:: The data ::
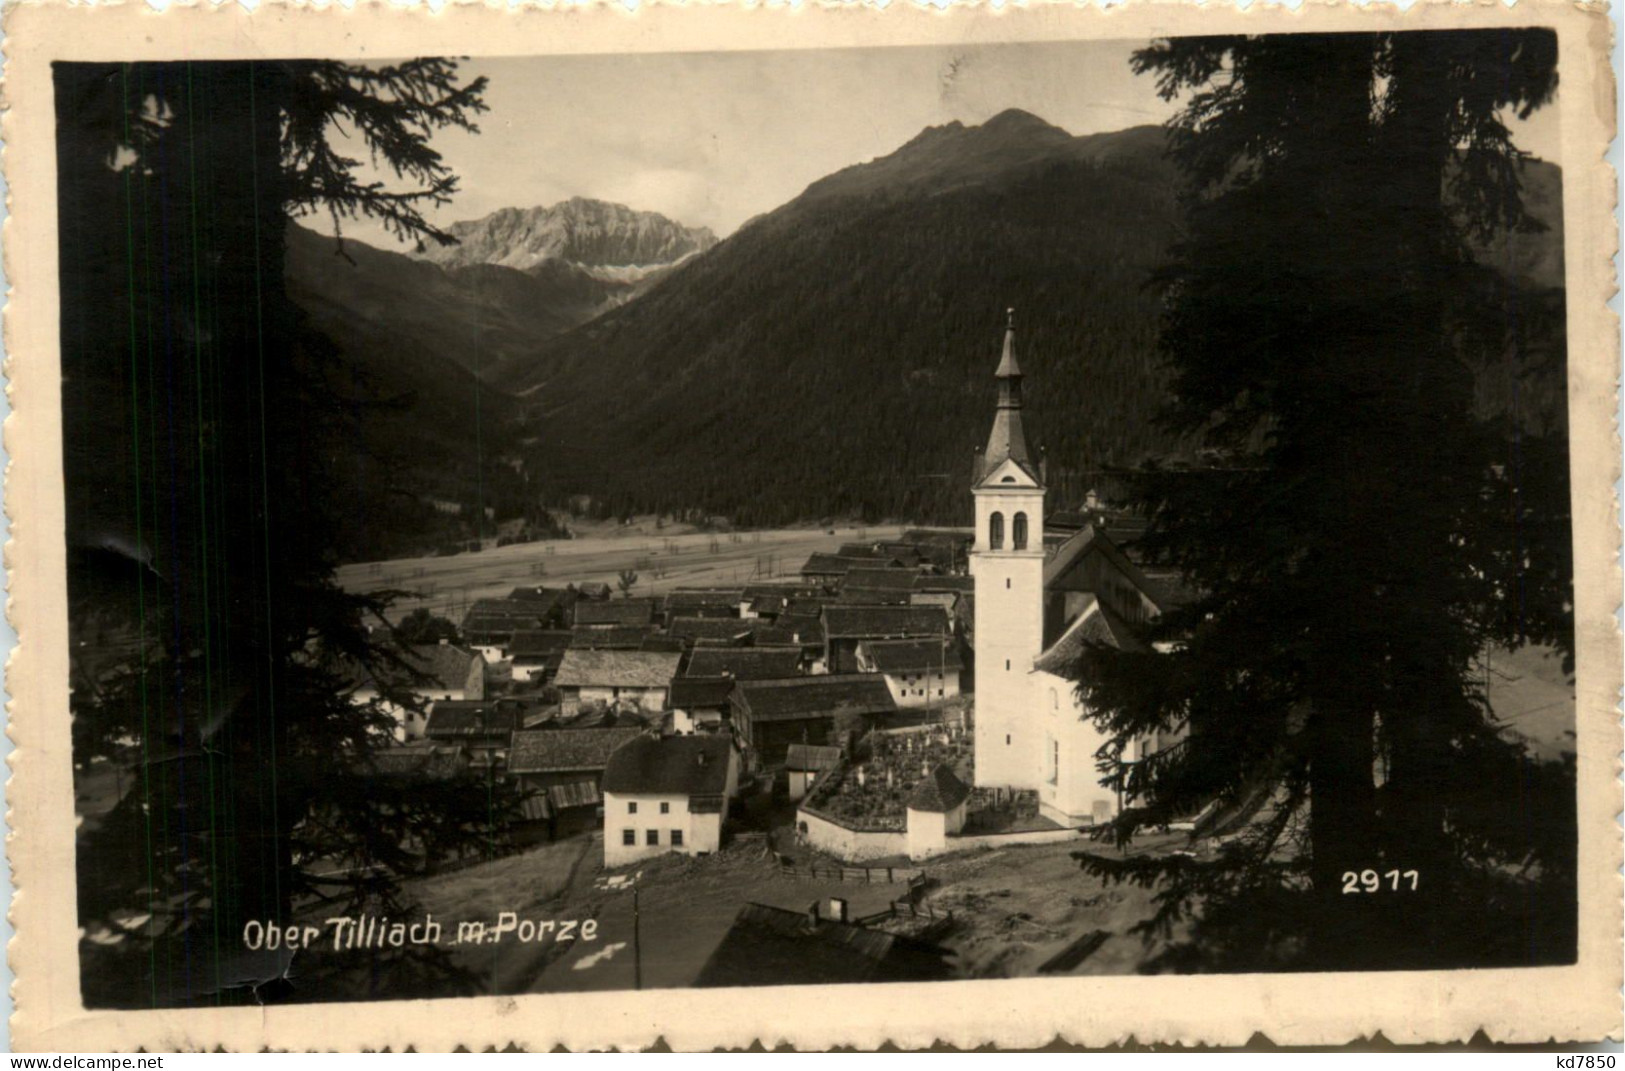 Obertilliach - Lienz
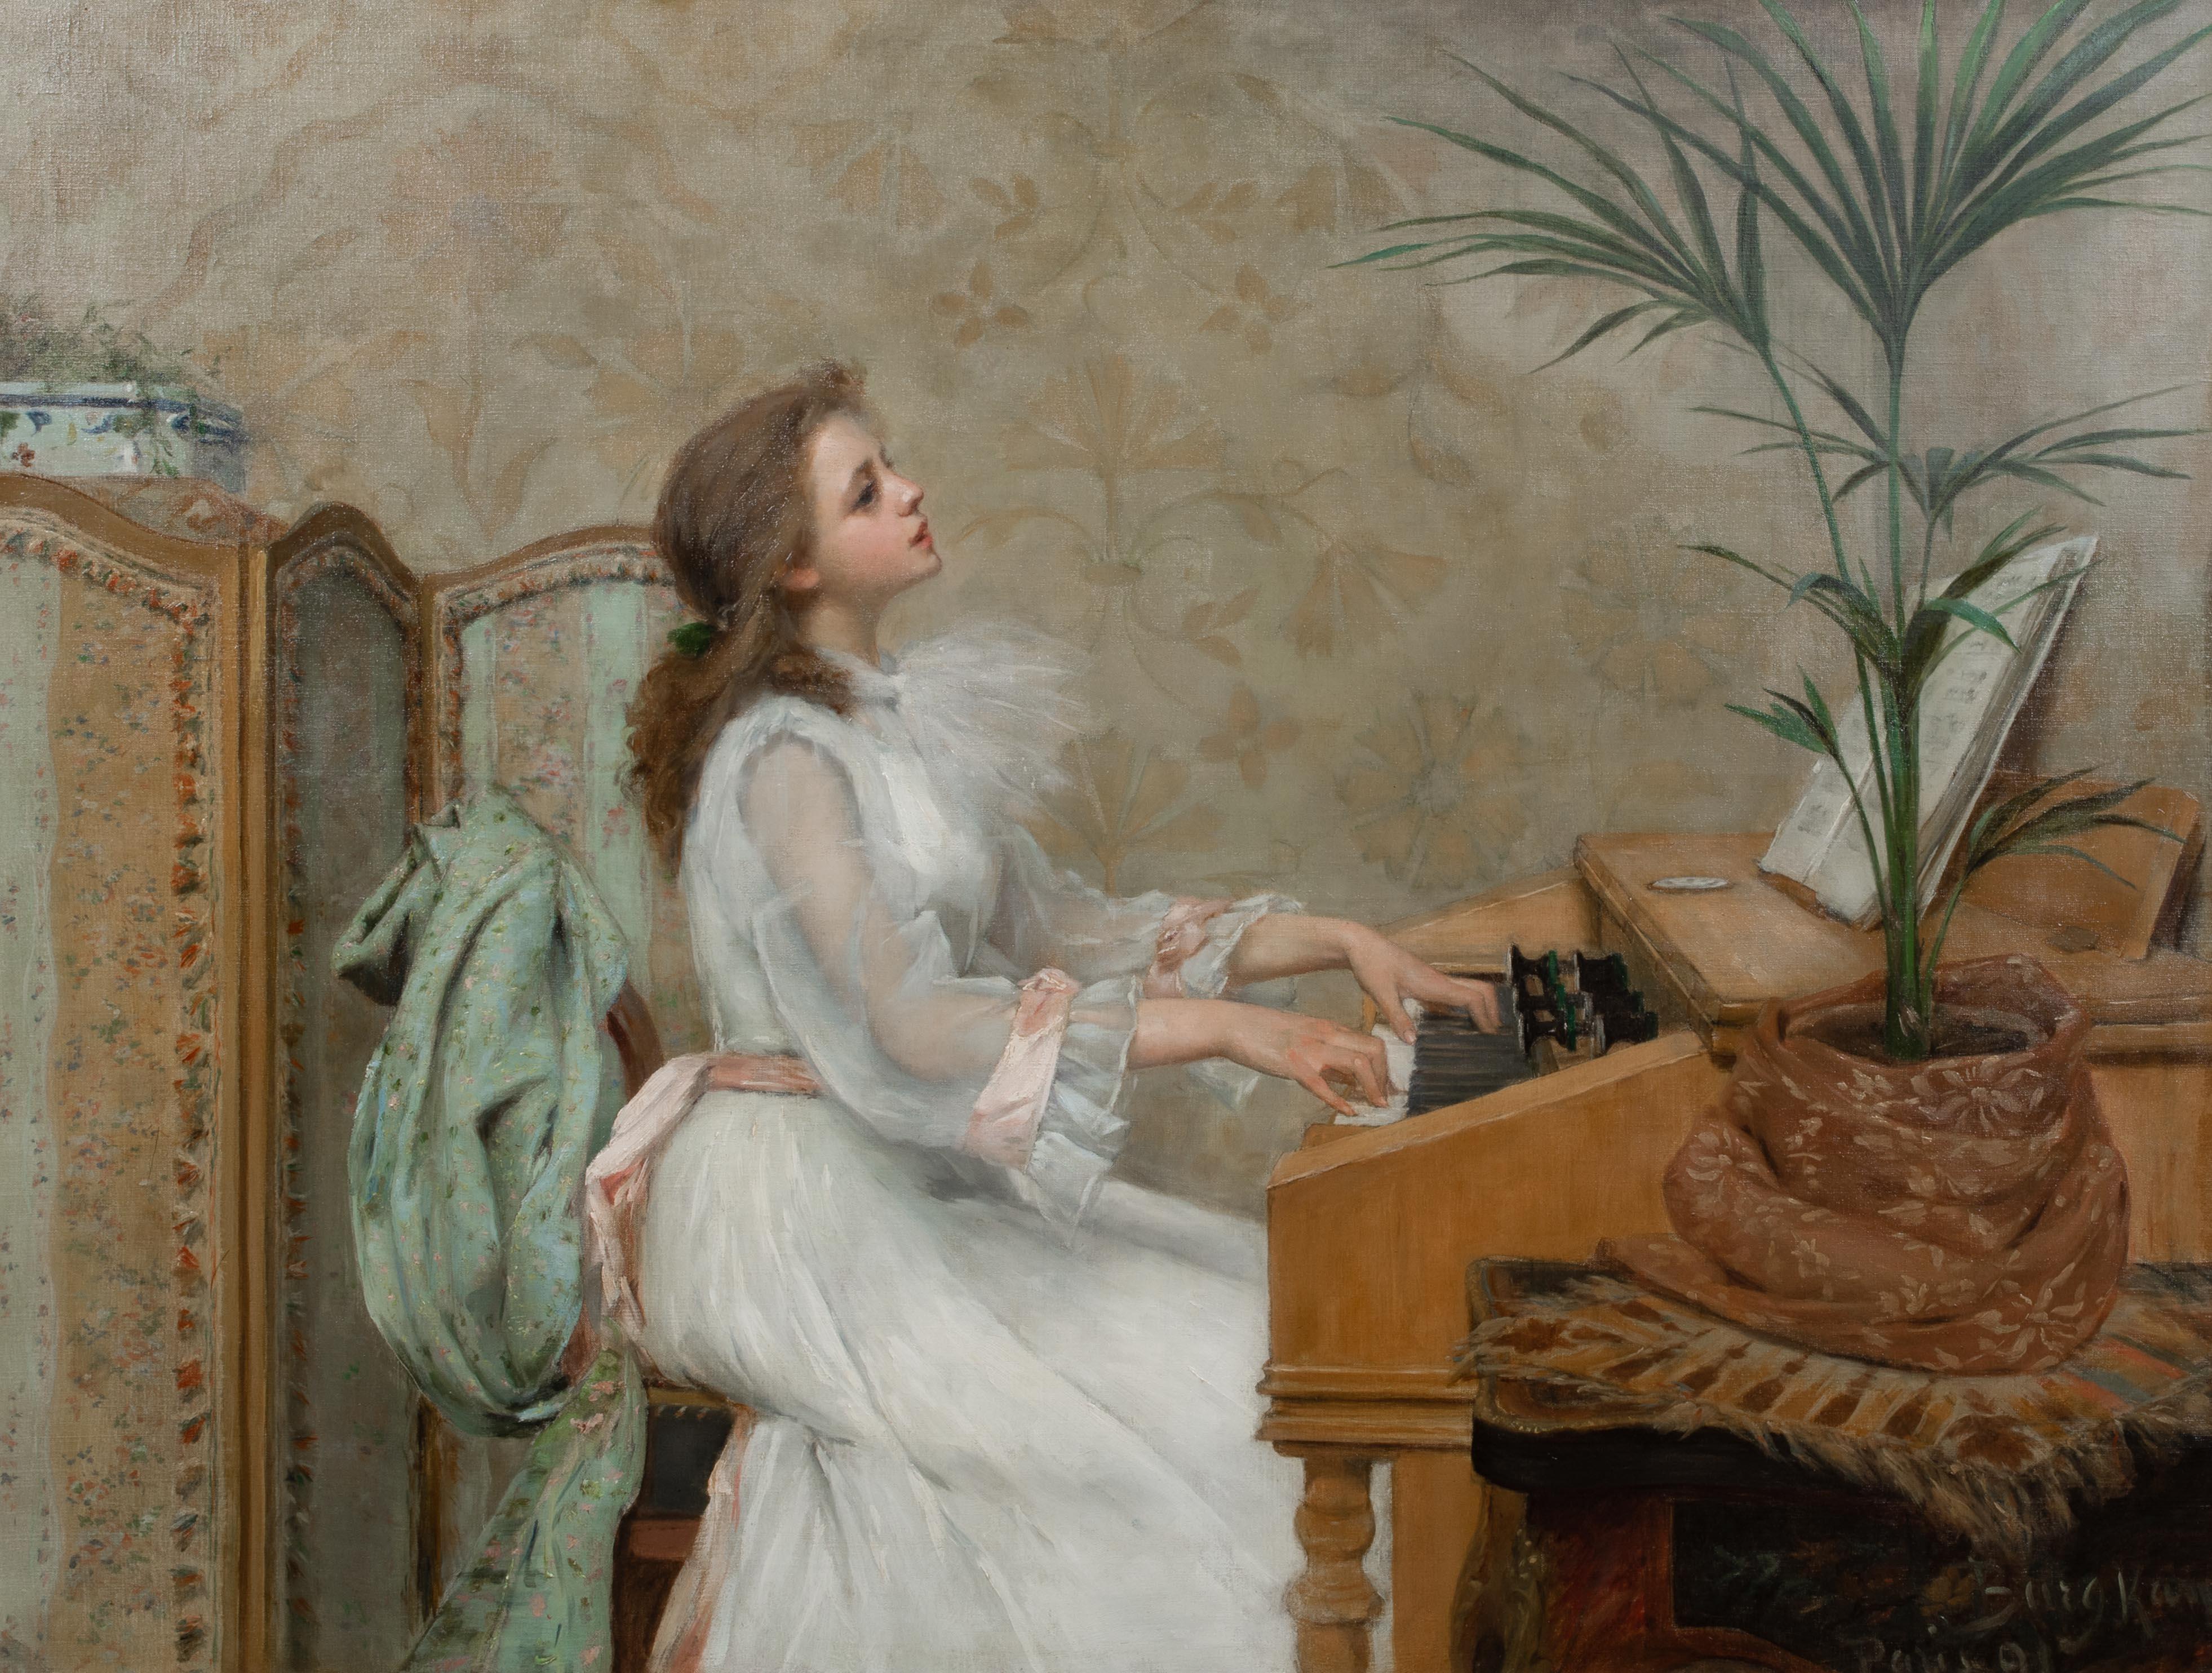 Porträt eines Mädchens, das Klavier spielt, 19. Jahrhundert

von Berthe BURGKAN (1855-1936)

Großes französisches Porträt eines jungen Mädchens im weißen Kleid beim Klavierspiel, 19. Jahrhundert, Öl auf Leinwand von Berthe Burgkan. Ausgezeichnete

...

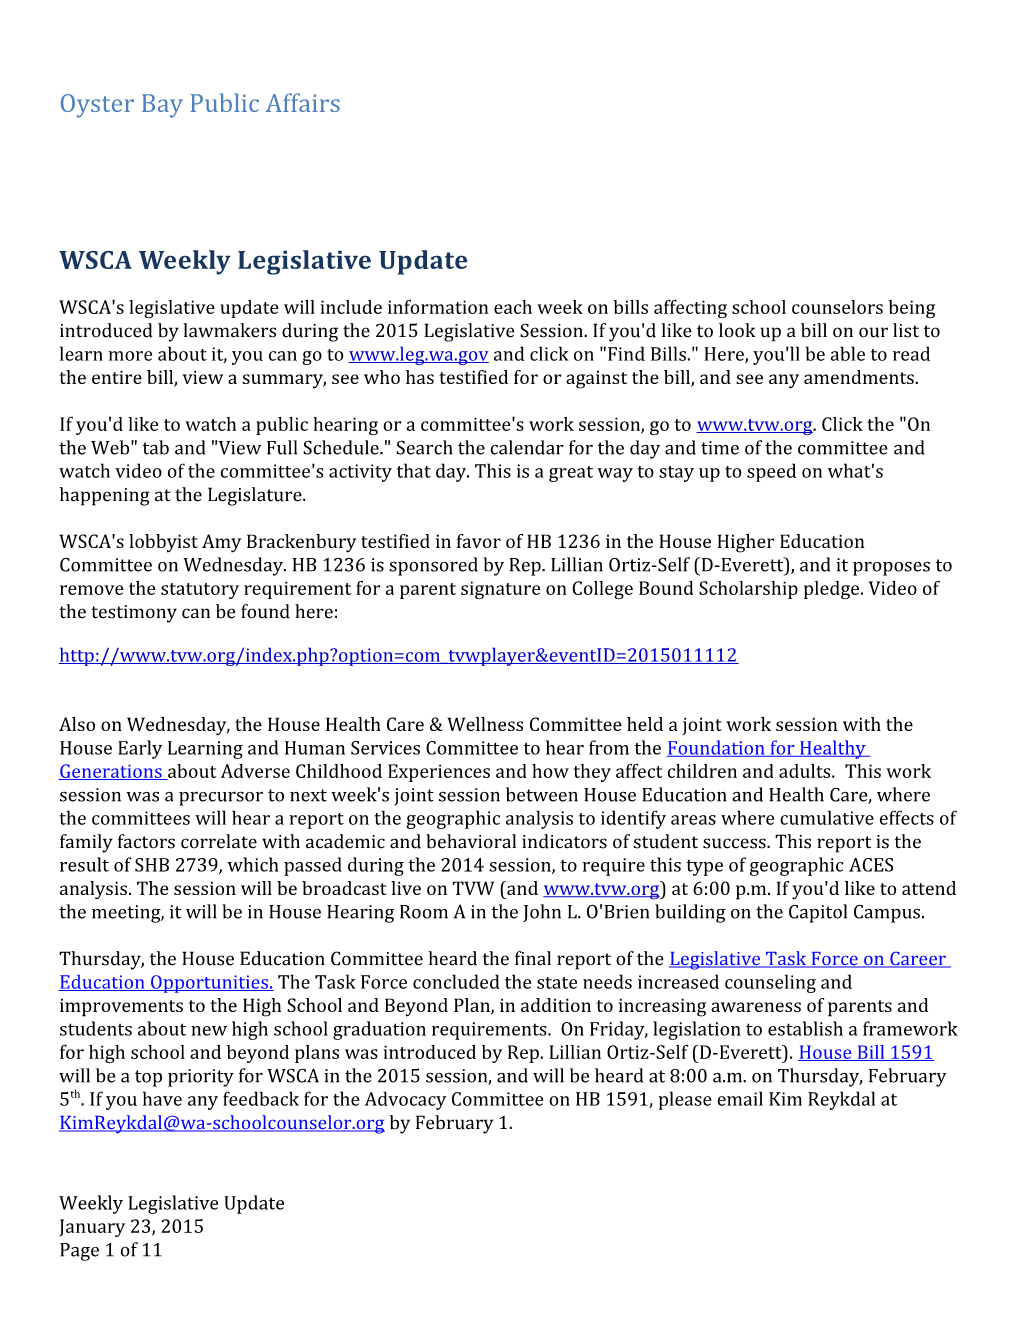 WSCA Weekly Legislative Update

---

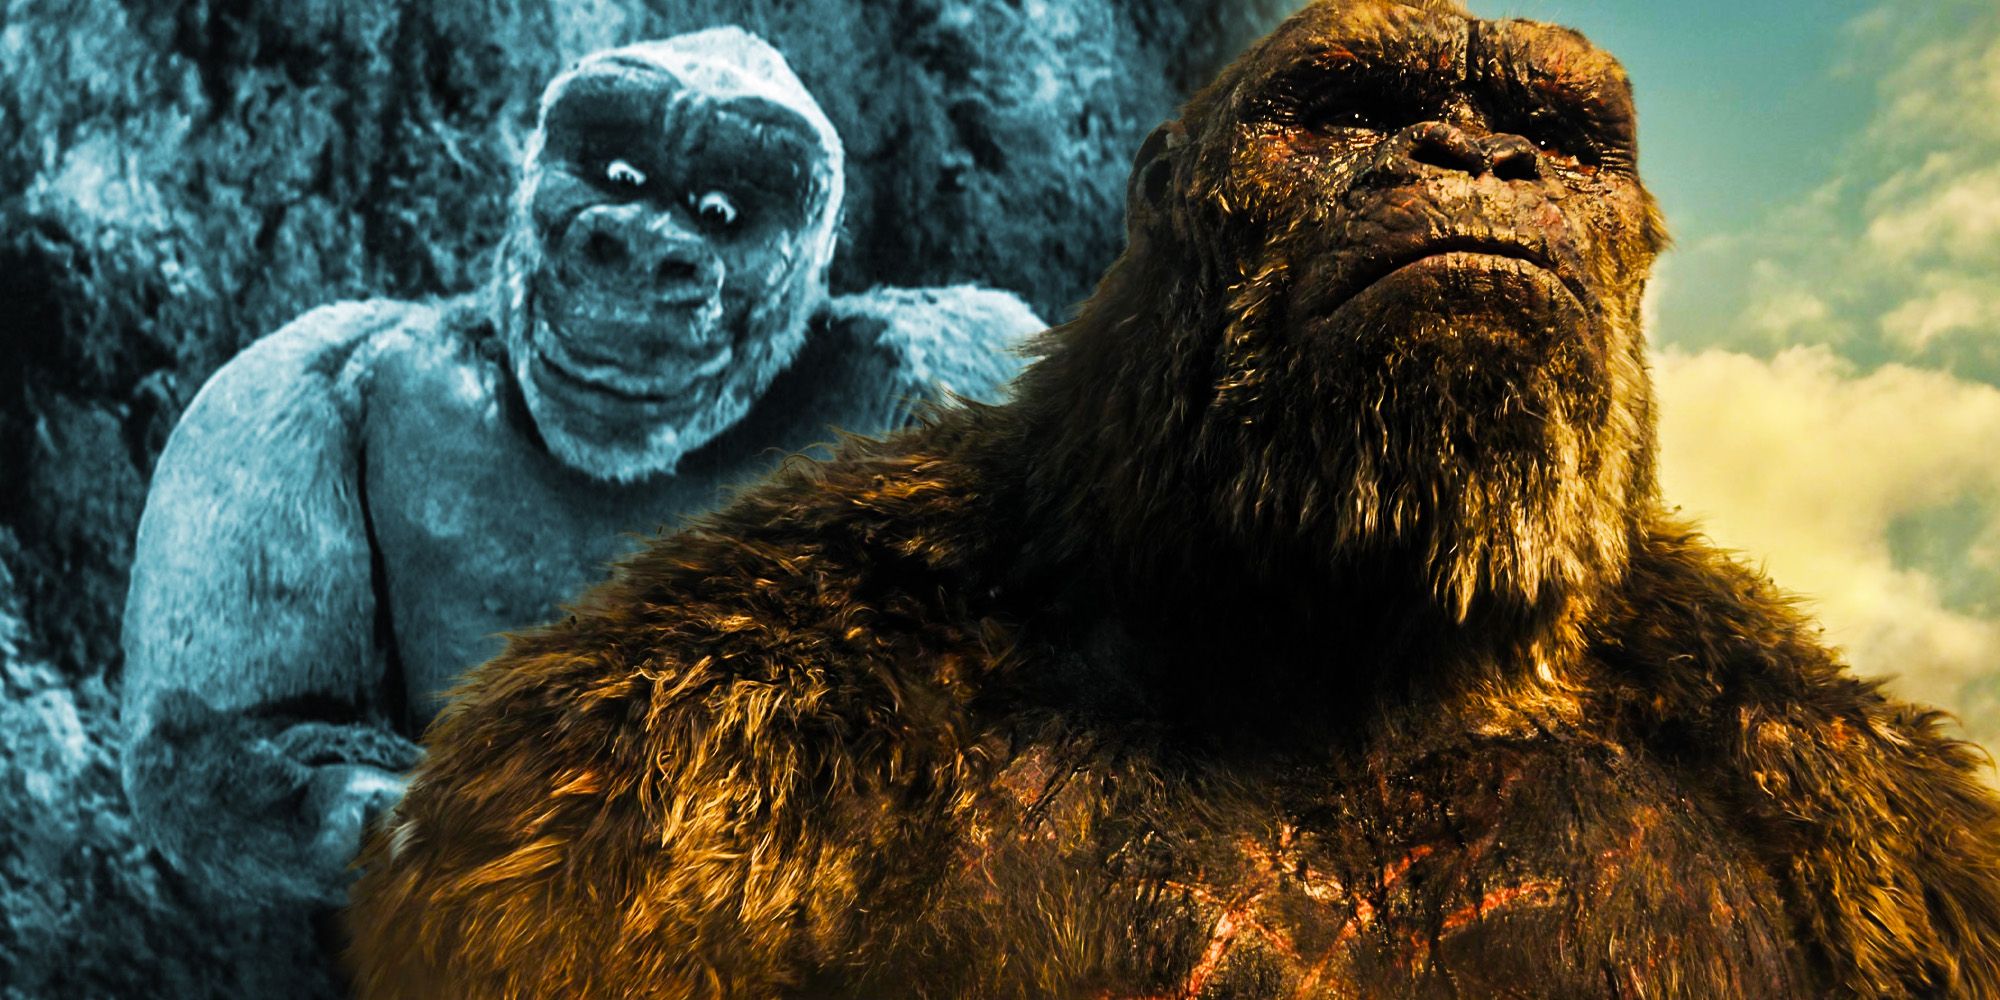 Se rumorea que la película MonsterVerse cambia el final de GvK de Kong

:: Task goal ::
Looking through the data above, copy out each line in which the string "Berthe" occurs.

:: Your response ::
von Berthe BURGKAN (1855-1936)
Großes französisches Porträt eines jungen Mädchens im weißen Kleid beim Klavierspiel, 19. Jahrhundert, Öl auf Leinwand von Berthe Burgkan. Ausgezeichnete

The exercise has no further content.